Rushing over to the cinema without reading anything about the movie you’re about to see can lead to some amusing, yet unfounded, expectations. In the weeks leading to “10,000 BC“’s opening weekend I was sure this was Roland Emmerich remaking Hammer Studio’s Ray Harryhausen (or Raquel Welch, depending on what kind of film geek you are) dinosaur flic, “One Million Years BC”. How shocked was I to realize I wasn’t even close. Instead, Emmerich remakes Mel Gibson’s “Apocalypto”, with a plot that is almost identical, though lacking in “Apocalypto”’s bravura filmmaking (plus off-shooting the time period in some 11,500 years). Though many expect “10,000 BC” to do big business stateside this weekend, I see this one tanking like a woolly mammoth with a spear through its heart. For anyone trying to compare “10,000 BC”’s commercial prospects to previous springtime hits such as “300″ (the CGI-laden historic adventure epic) or “Ice Age” (another woolly mammoth starrer), I have only two words to say: “Rapa Nui“.

In “10,000 BC” an Epipaleolithic era young warrior (Steven Strait) sets out to save his loved one (Camilla Bell) - looking like a de-freckled Lindsay Lohan who’s been outcast from ” The Village of the Damned” - who has been captured by slave traders.

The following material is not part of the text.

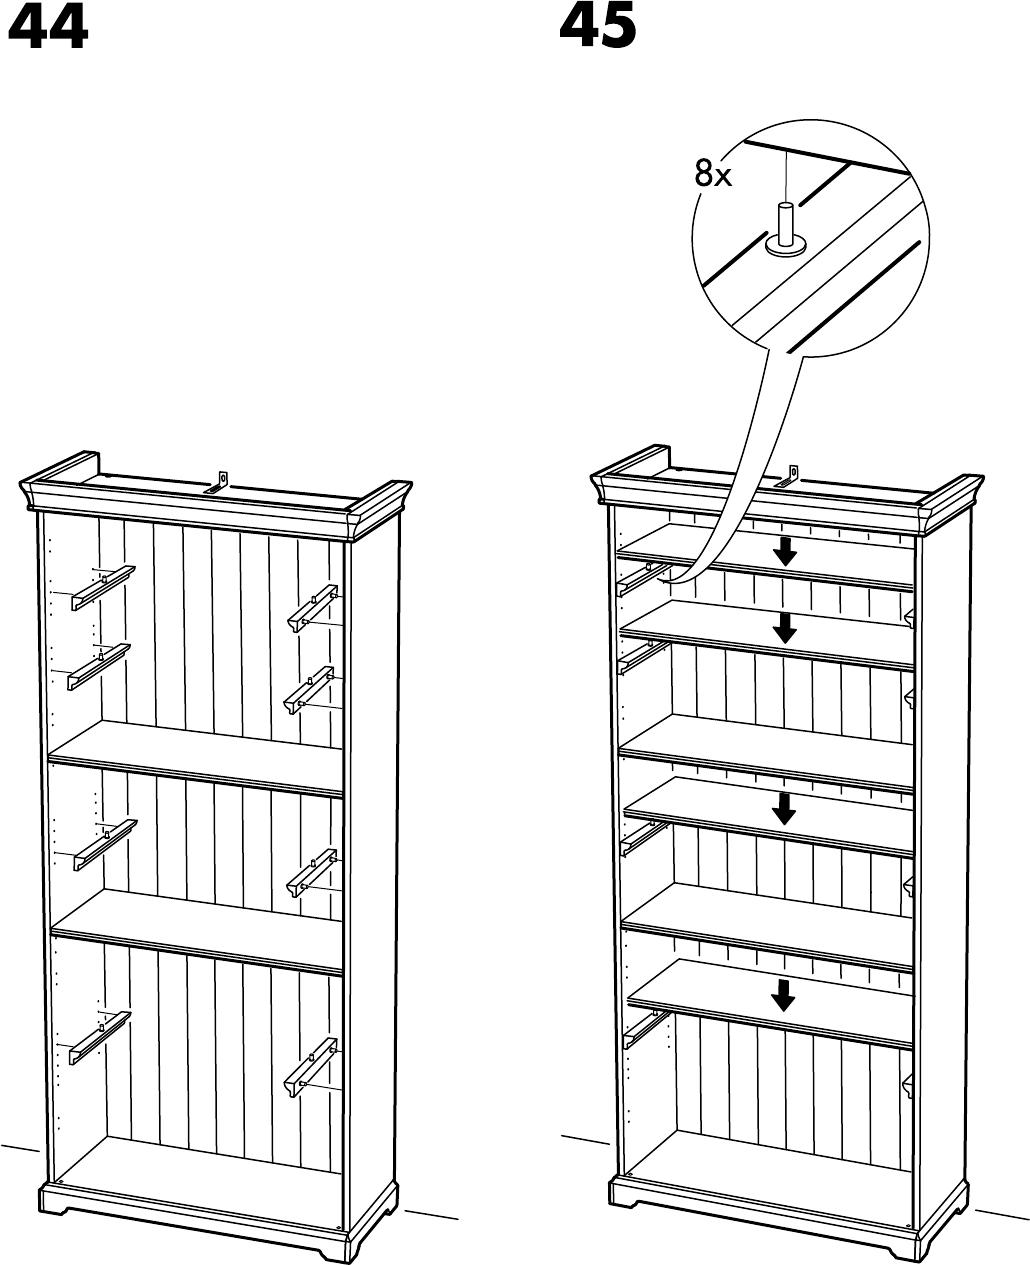 Handleiding Ikea LIATORP boekenkast (pagina 31 van 32) (Alle talen)

Before they part he quotes from Michael Mann’s “The Last of the Mohicans” to her, promising he will find her. By journey’s end our reluctant hero will discover he’s the star of three different prophecies for three different tribes and cultures. Although alarmingly, none of these prophecies warned him of how slow and boring his story would be, before getting into three or four decent set-pieces, that arrive too late to save the movie from crumbling under its own weight.

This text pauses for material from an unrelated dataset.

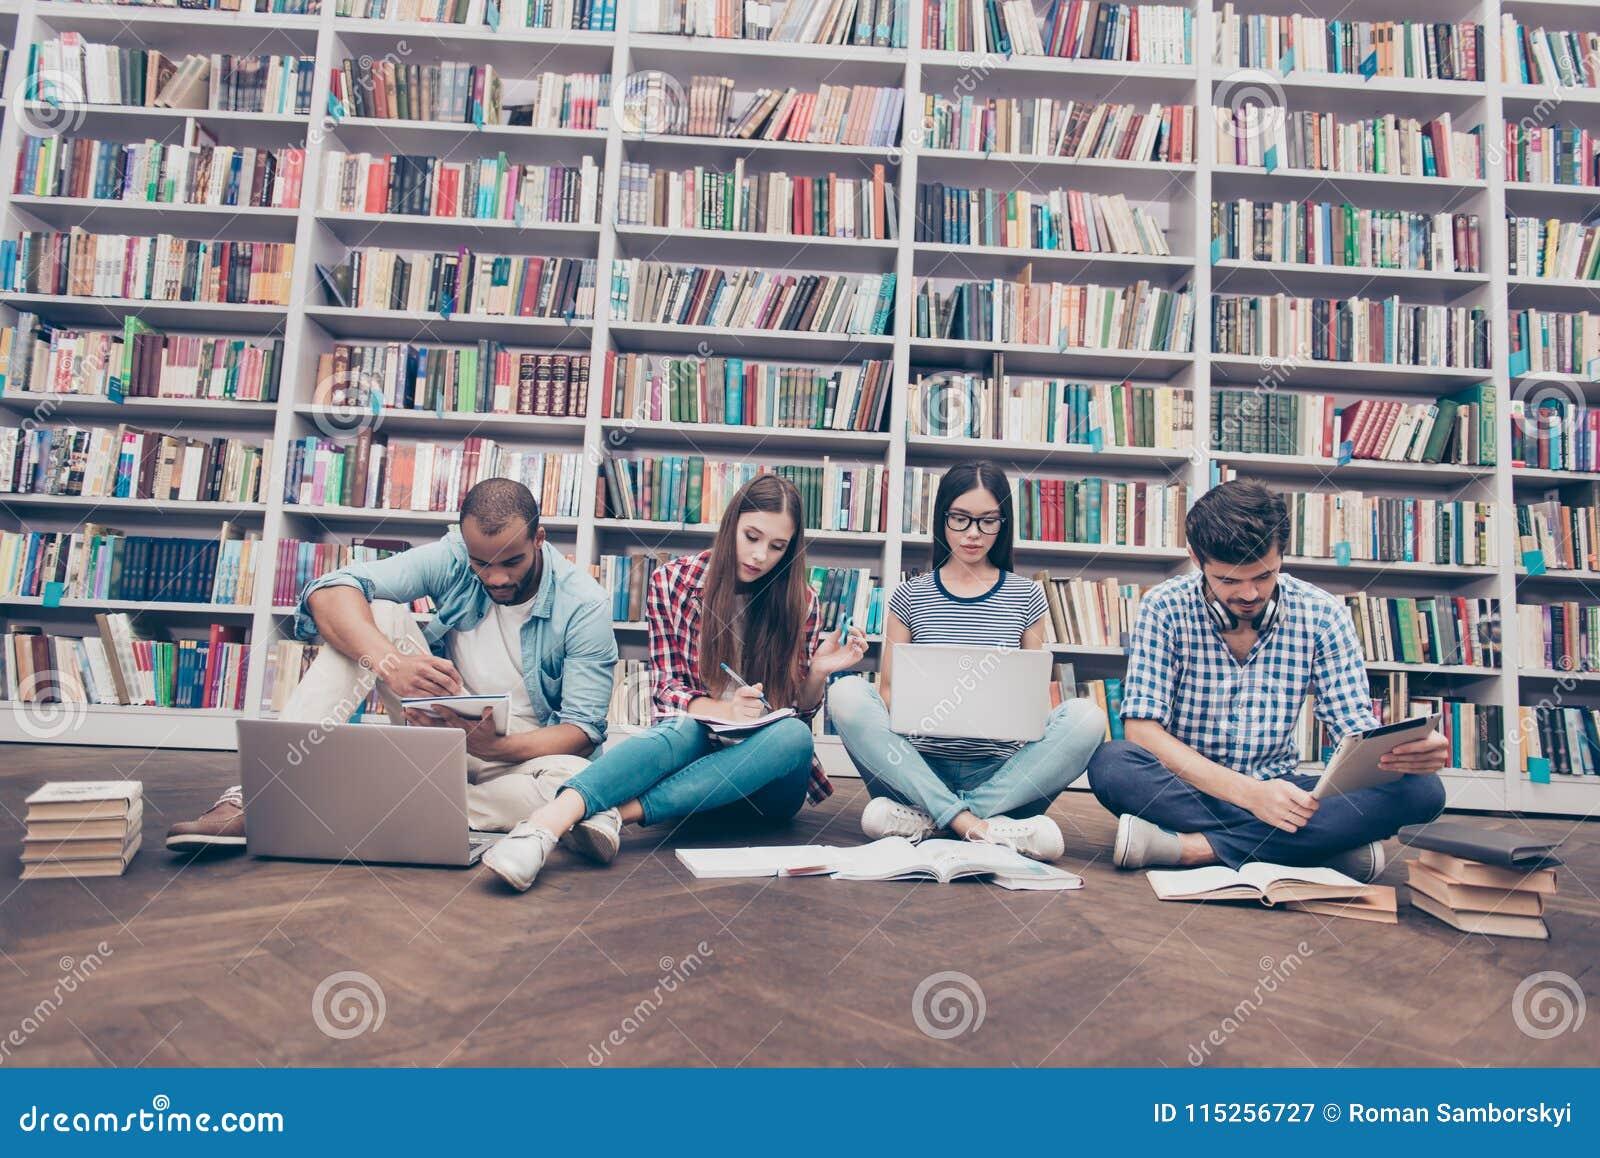 Lage die hoek van vier internationale slimme boekenwurmenstudenten i wordt geschoten

Warner Brothers would have you believe that “10,000 BC” is this year’s “300″. It’s not. I was enormously entertained by “300″’s vision of mythology, turned into a campy rock opera, that was as ironically filled with over the top tongue-in-cheek self referential humor as it was stunning to watch. But “10,000 BC” is completely devoid of any humor and takes itself way too seriously for its own good. And this coming from someone who had a blast with “The Day After Tomorrow”. It’s Emmerich’s The Day Before Yesterday that I found to be a grandiose bore.

As the film’s title establishes WHEN it is happening, there is still the mystery of the WHERE. Logic places the film’s plot in Africa. Starting at the lush south, traveling north then following the Nile into Egypt where the pyramids are built. This makes sense since Emmerich has even enlisted Egyptian born actor Omar Shariff to serve as the film’s narrator. But when our posse gets attacked by a flock of Phorusrhacids (aka terror birds) I lost track of time and place: not only were terror-birds (honestly, they should star in a movie of their own) found only in South America, but they were also extinct nearly 2 million years before the movie’s self proclaimed timeline. Which made me wonder whether our heroes crossed over Emmerich’s Stargate - another movie obsessed with Pharoas and Pyramids - and jumped back and forth continents and millenia.